■ Problem: Reproduce the lines below exactly, from the one containing "Мужские хлопковые брюки" through the one containing "UbyUniworld_TheB_ICEbar_2 Paris - roteiro", both included. Leave out any pictures.

■ Supplied data:
- - -

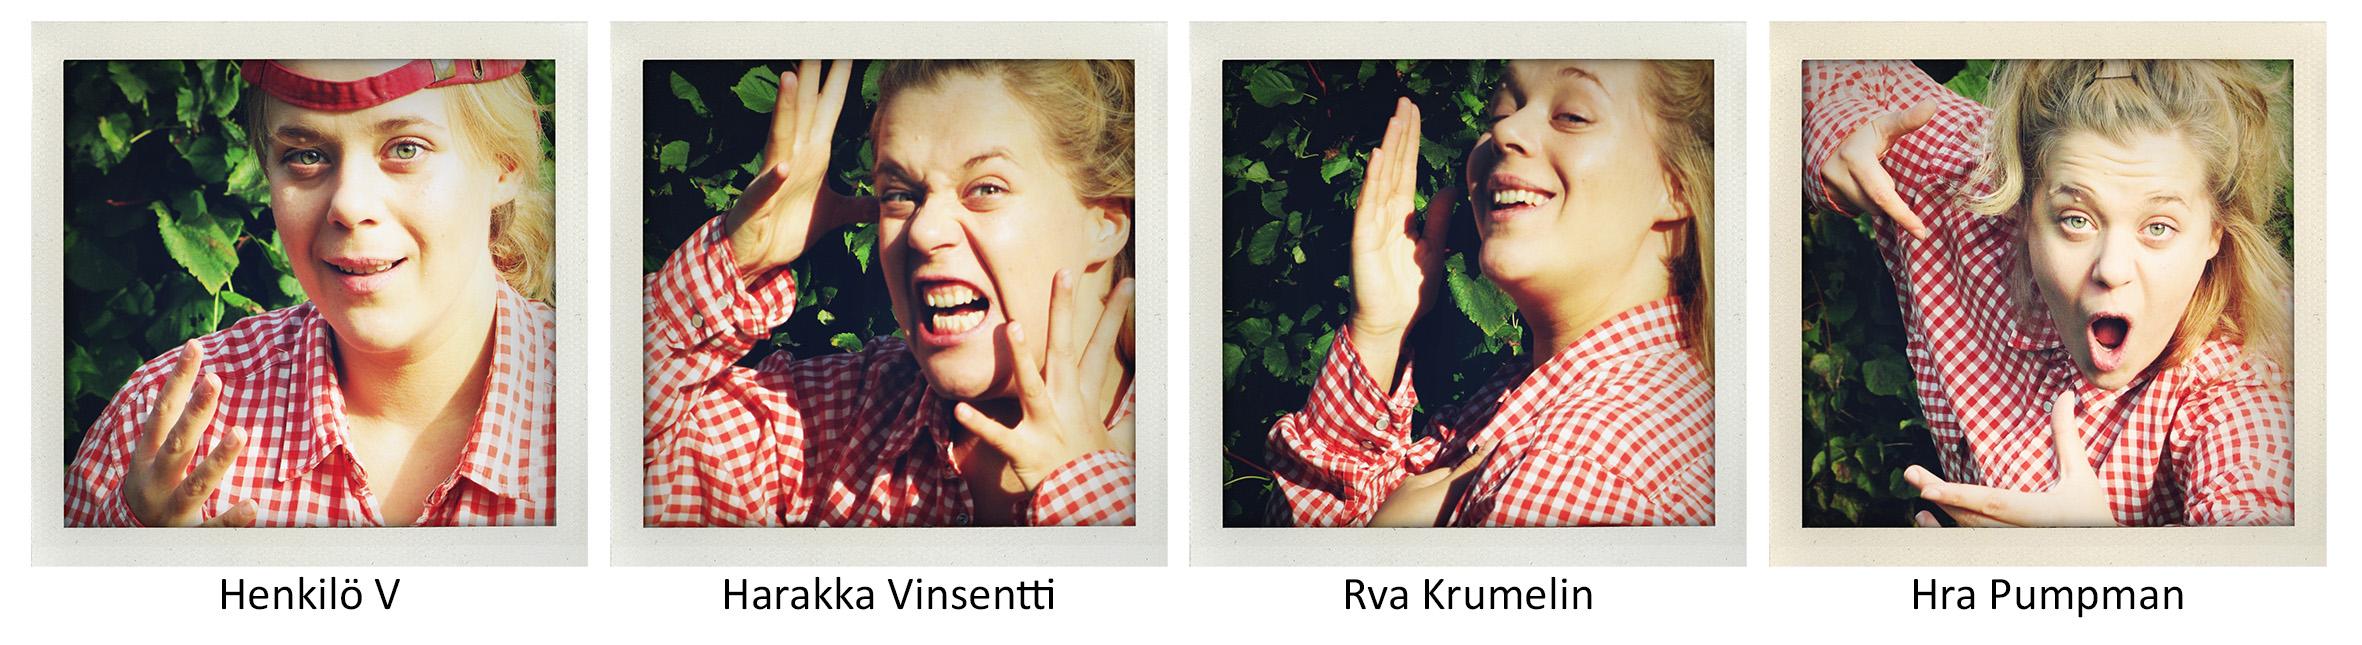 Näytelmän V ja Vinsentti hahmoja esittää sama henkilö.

- - -

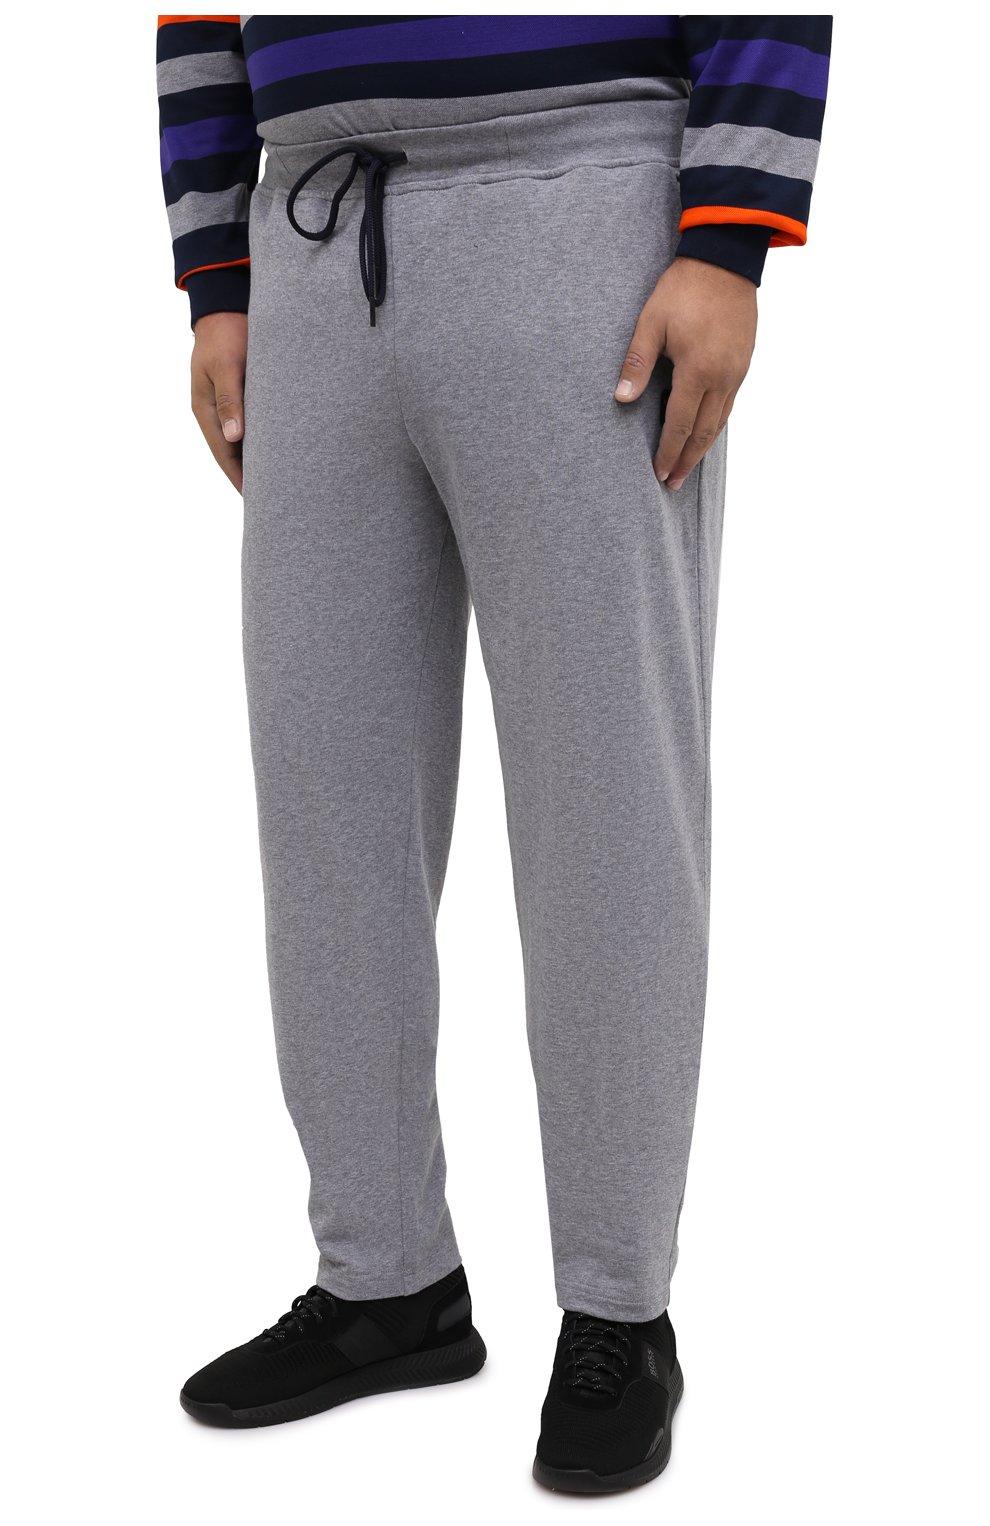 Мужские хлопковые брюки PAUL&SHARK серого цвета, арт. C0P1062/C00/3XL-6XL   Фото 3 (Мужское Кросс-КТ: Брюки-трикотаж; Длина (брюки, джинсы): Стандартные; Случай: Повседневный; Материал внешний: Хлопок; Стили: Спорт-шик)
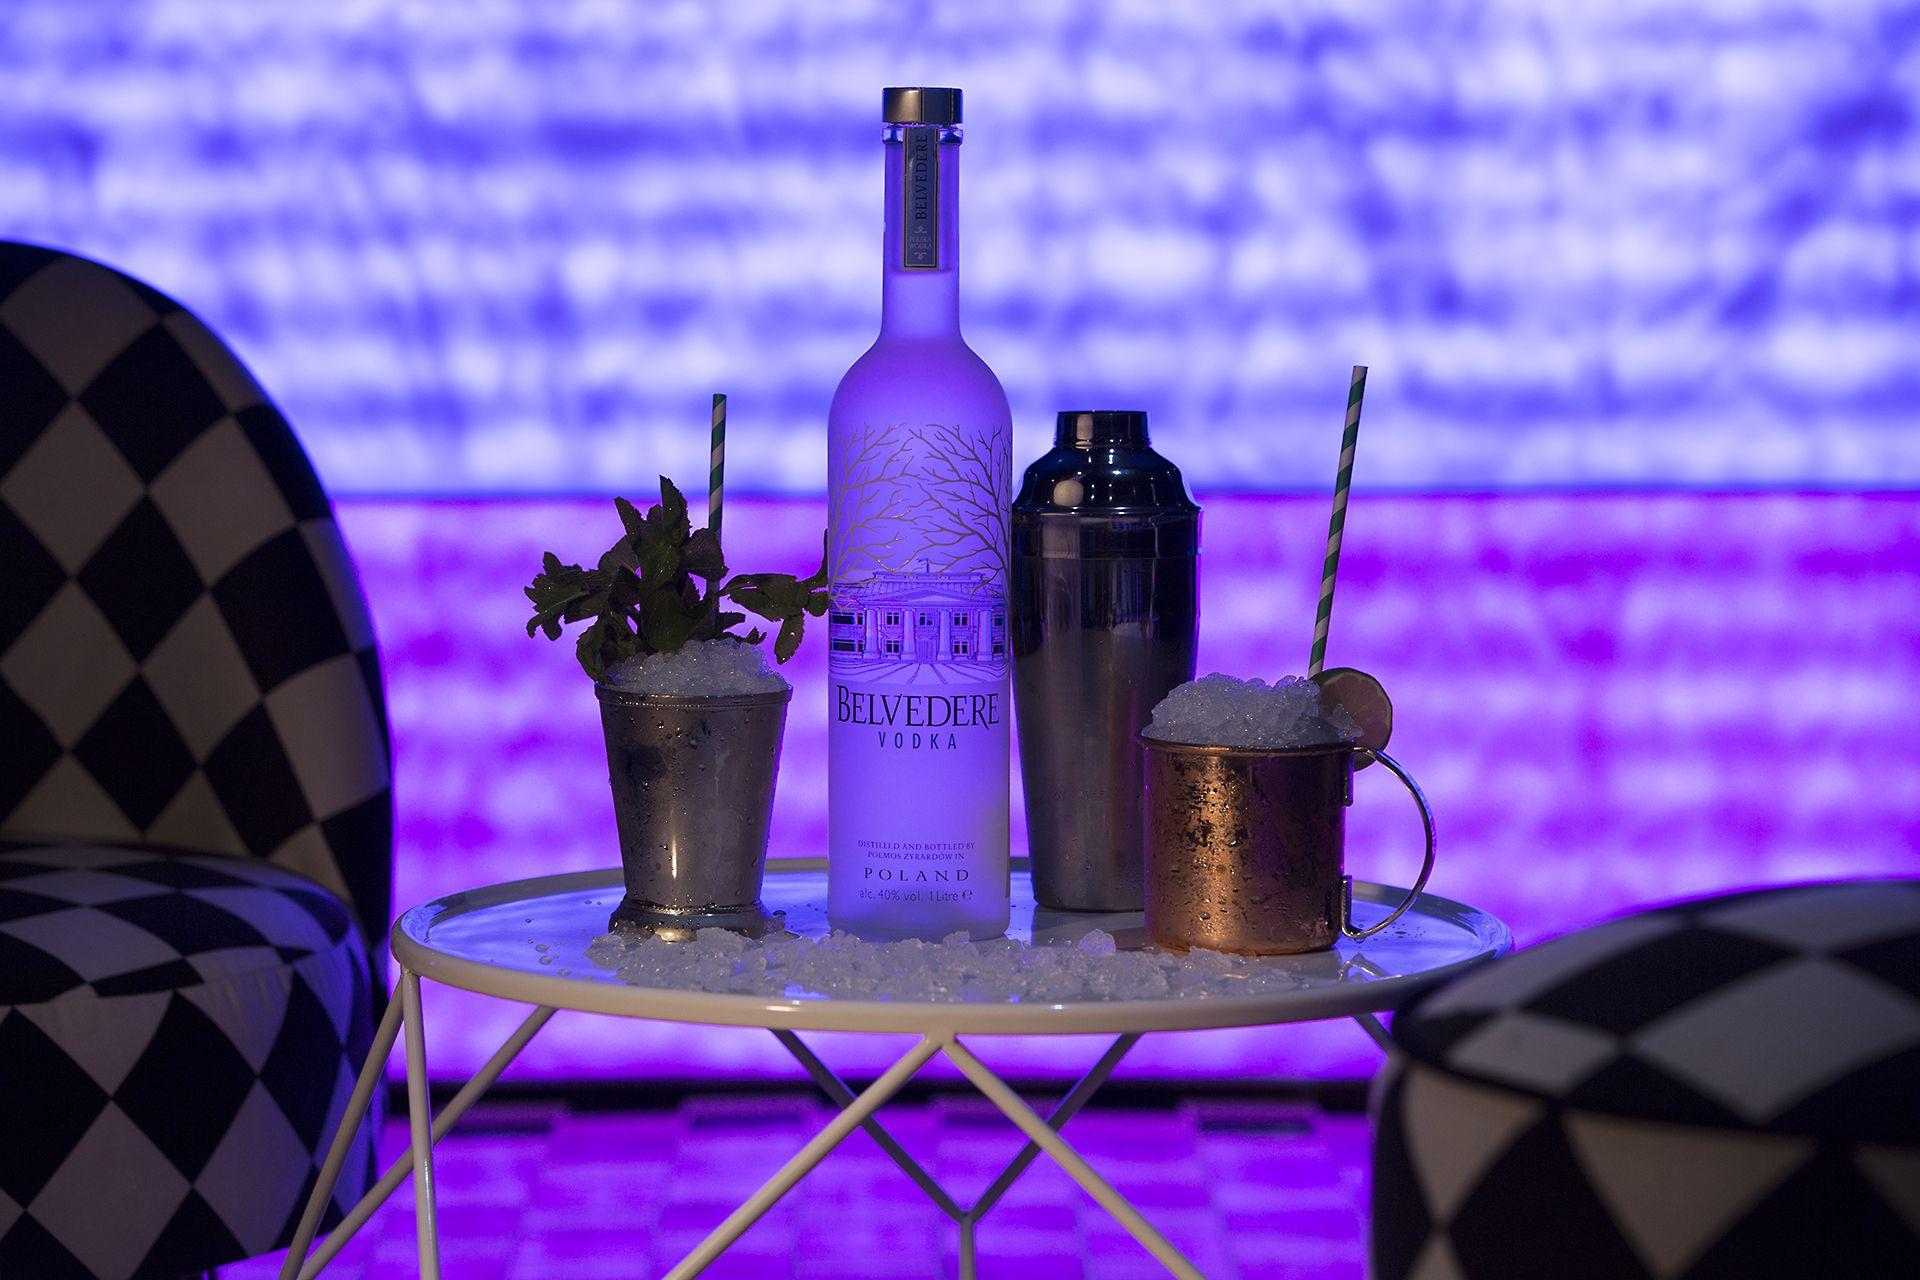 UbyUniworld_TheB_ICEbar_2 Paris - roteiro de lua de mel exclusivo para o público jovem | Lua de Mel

- - -

■ Answer below:
 Мужские хлопковые брюки PAUL&SHARK серого цвета, арт. C0P1062/C00/3XL-6XL   Фото 3 (Мужское Кросс-КТ: Брюки-трикотаж; Длина (брюки, джинсы): Стандартные; Случай: Повседневный; Материал внешний: Хлопок; Стили: Спорт-шик)
 UbyUniworld_TheB_ICEbar_2 Paris - roteiro de lua de mel exclusivo para o público jovem | Lua de Mel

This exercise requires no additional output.